I don't know that the sick man is any more true, that the sick man's life shows any more of what this man was really like than does the well man. It makes just as much sense to say that this man's true nature was as we saw it - checked shirt, packet of White Ox tobacco in the breast pocket, suntanned and grinning - and that it was the unhealthy man who was the illusion.
And the man on valproate. Was he any more himself when unmedicated, when his blood was vigorous and healthy but his mind was full of racing thoughts, plans and ideas and scams that almost seemed too good to be true, holding up a service station, shaking with wild ideas? Or was he "really" the quiet man with the thin blood and the intelligent, calm look?

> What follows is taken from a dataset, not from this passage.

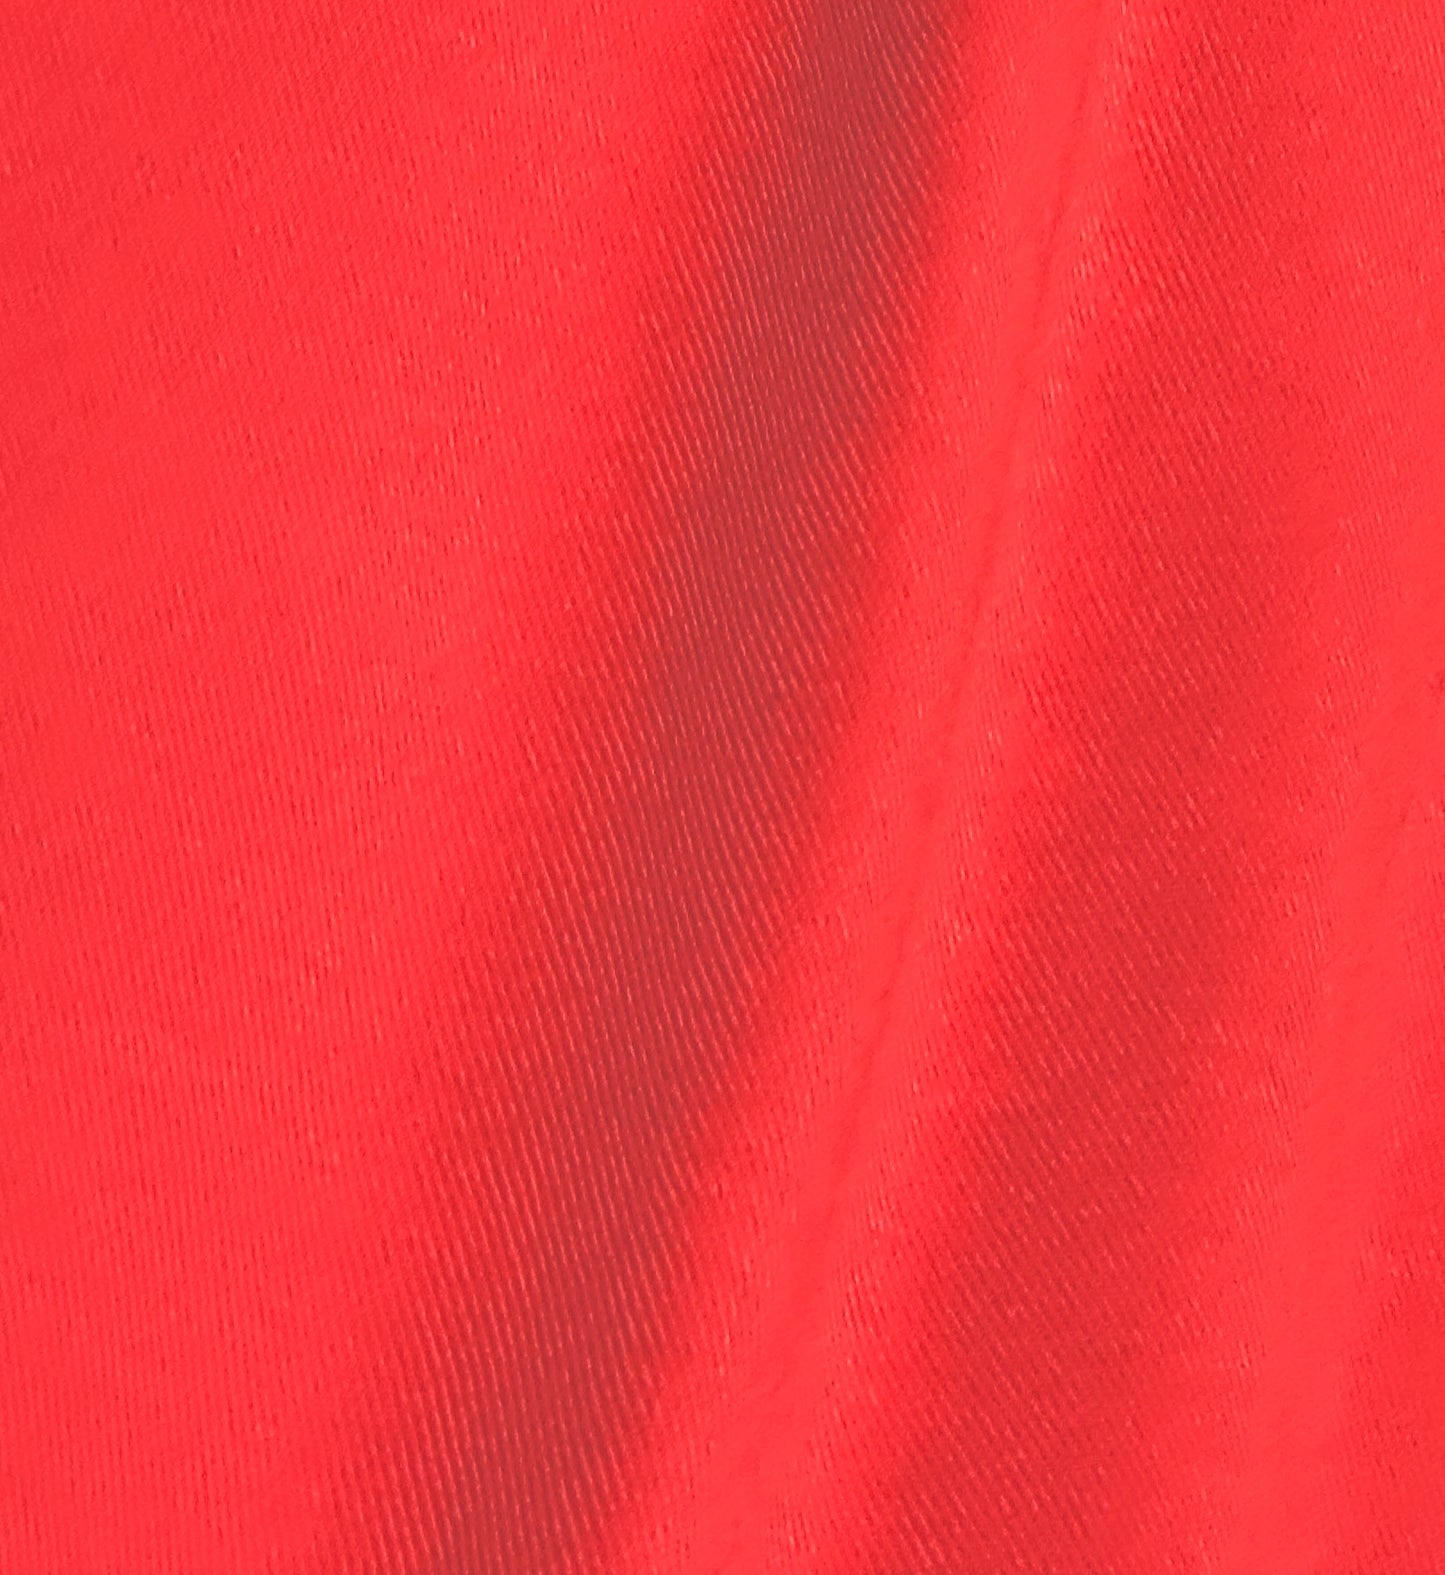 BRIGHT RED RIB 1X1 FABRIC 100% SOFT ORGANIC COTTON 8 OZS 70" WIDE BY THE YARD

I don't know. I don't know that I believe in "true selves". A field grows a flower, that kind of thing. There isn't a true self, any more than there is a "true path" that a leaf can take as it falls to earth: things happen to you, you ride them out, you do the best you can. Diderot died at seventy one of emphysema and the beautifully named dropsy - I don't know that he was any more his true self as he breathed his uncomfortable last.
Anyway, this is starting to sound like something that should have a moral at the end of it, and I've never been particularly good at morals. I suppose in the end I'm just grateful: grateful that I can load bricks and make plans, that I can look at but not leap upon dark-haired and dark-eyed girls I see, and that my proteins were twisted just enough, but no further, than necessary.